Balance stifling her development with enhancing it by only sending her when shes ready.  

She'll make new friends very easily so dont worry about that.

If you decide to send her, keep talking to her about the school coming up long before the baby comes and she wont see it as being pushed off.  Again we have that same poser now with 3rd due next week and our 2nd starting school in sept.  We keep telling her shes starting in sept and shes all excited so hopefully will balance any dilution of attention with new baby coming.   
All basically down to you though, every child is different and only parents will know if theyre ready.


----------



## huskerdu (7 Jan 2009)

I have never met a teacher who would recommend sending a 4 year old to school. 
I have never regreted waiting until 5, despite both my kids being well able for the work in montesorri. Thats not the issue. 
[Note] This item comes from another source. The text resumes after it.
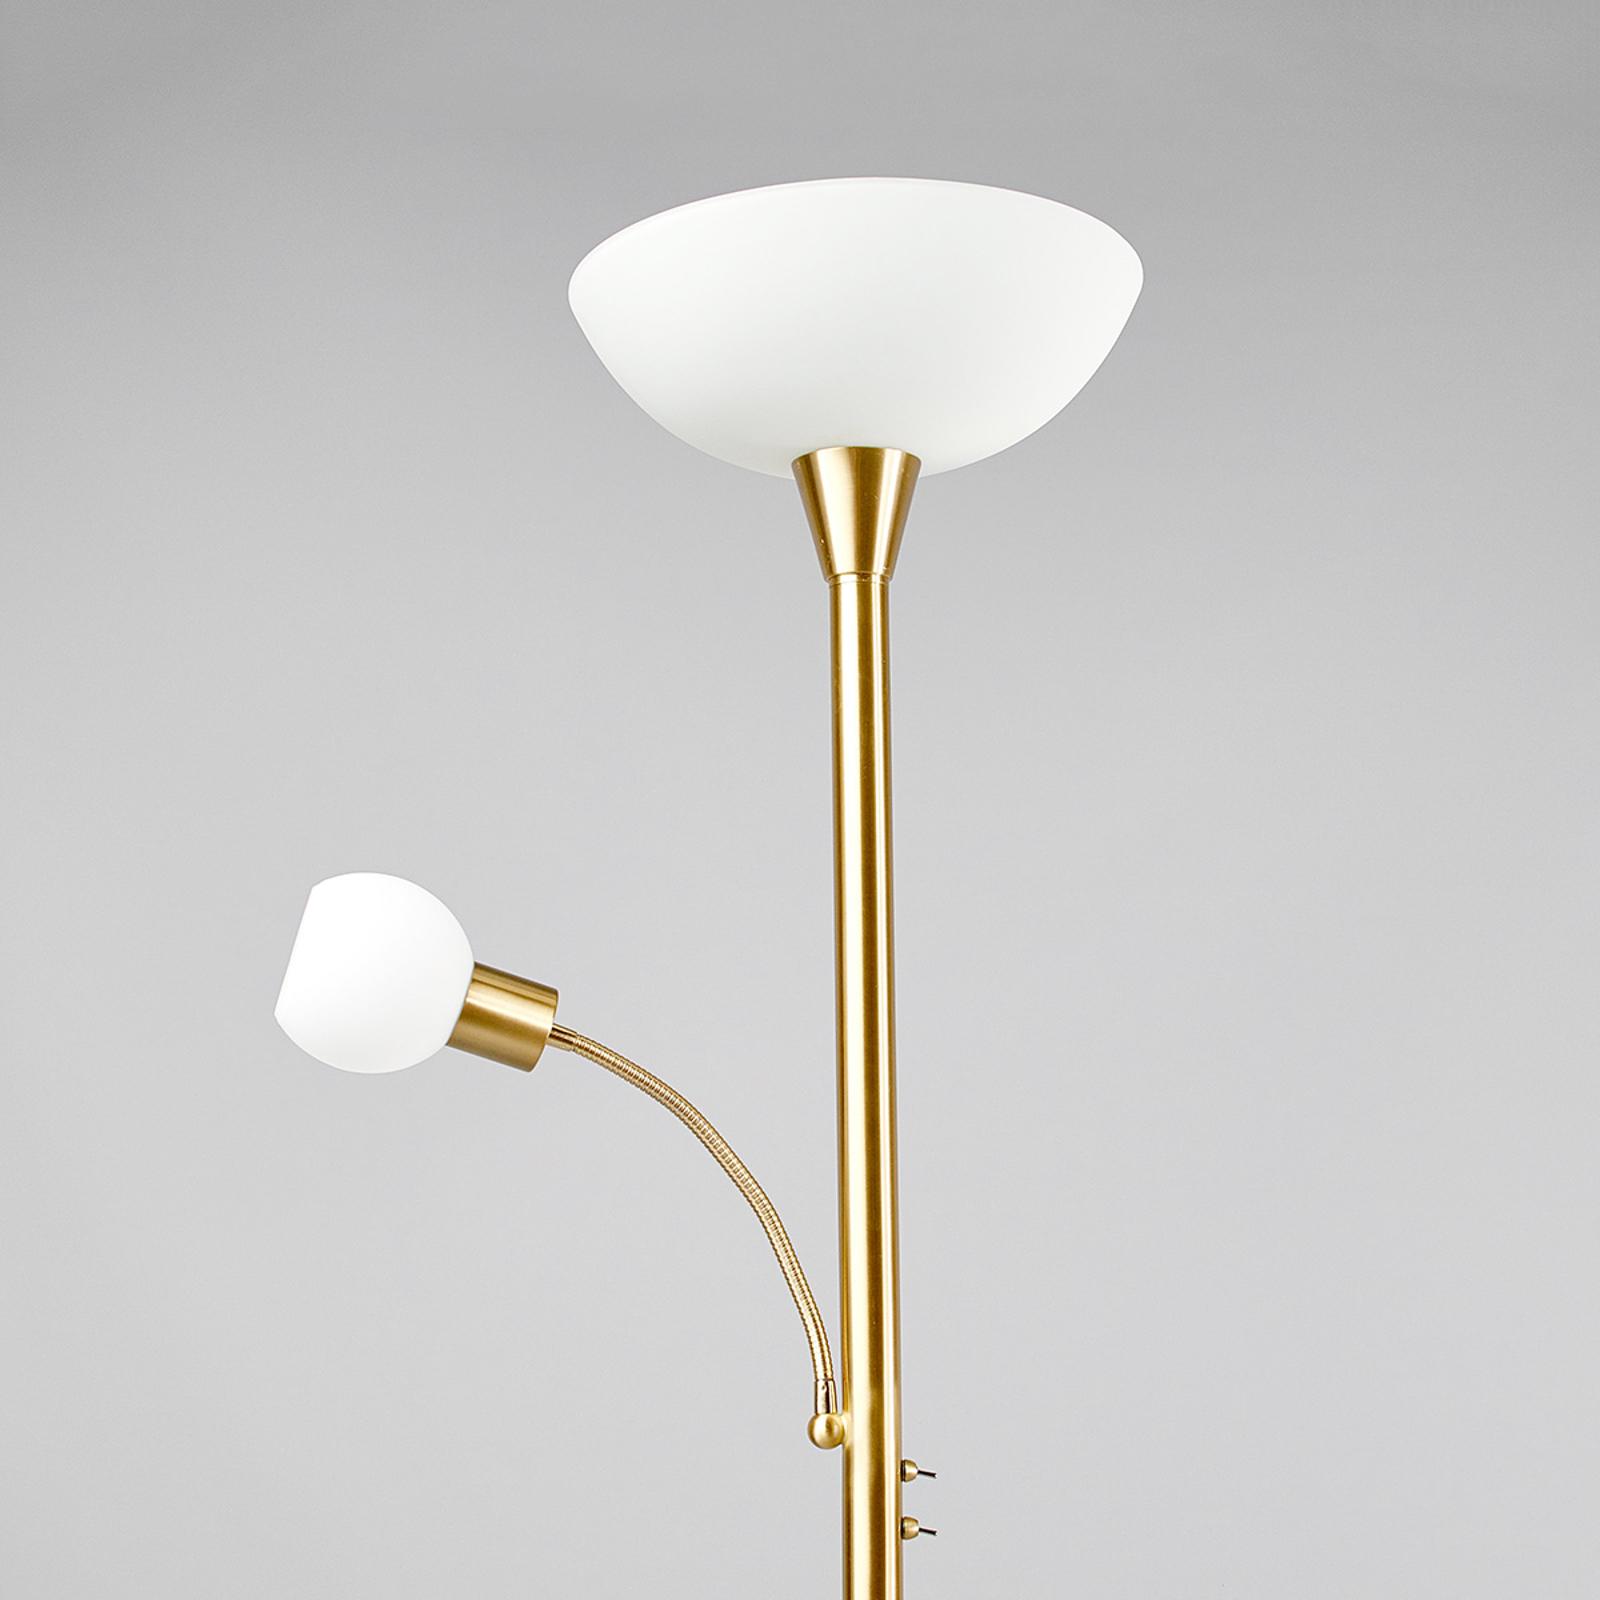 Elaina lampada LED da terra, ottone

She will always be the youngest in the class, this may not be a problem now, but what about going to secondary school ( the leap from primary to secondary is a hard one for lots of kids), choosing leaving cert subjects, doing the leaving, choosing a college course .......


----------



## gipimann (7 Jan 2009)

Have you checked with the primary school that they have a space for your daughter?   The decision to send her this year or not might be out of your hands if the school can't provide a place.


----------



## mumof3angels (7 Jan 2009)

I think you should send her little girls a very much advanced than boys of 4yrs. Before anyone thinks I am been horrible I have 3 boys under 6 yrs


----------



## AriesWoman (7 Jan 2009)

I started school at 4 (but was 4 the previous April) and left school at 17 (didn't do transition year). I had to repeat the leaving to get the course I wanted in college and by the time I left college I was 23. 

However most kids do transition year now & if she wanted to do it or had to repeat the leaving it might help her to be the year younger. Also if she wants to do a long course in college and doesn't start till she 5 and does the transition year & maybe has to repeat the leaving she could be 1) older than other people starting in college & 2) older by the time she finishes education.

From she the assessement she sounds mature enough to start school. Also if her 2 best friends start school & she doesn't she might feel left behind.

Also as the previous poster said check that the school has a space for her.


----------



## Jack2008 (7 Jan 2009)

My advice (and its only my opinion) would be to leave her for another year. We did'nt and really noticed the difference when our son started in secondary school. 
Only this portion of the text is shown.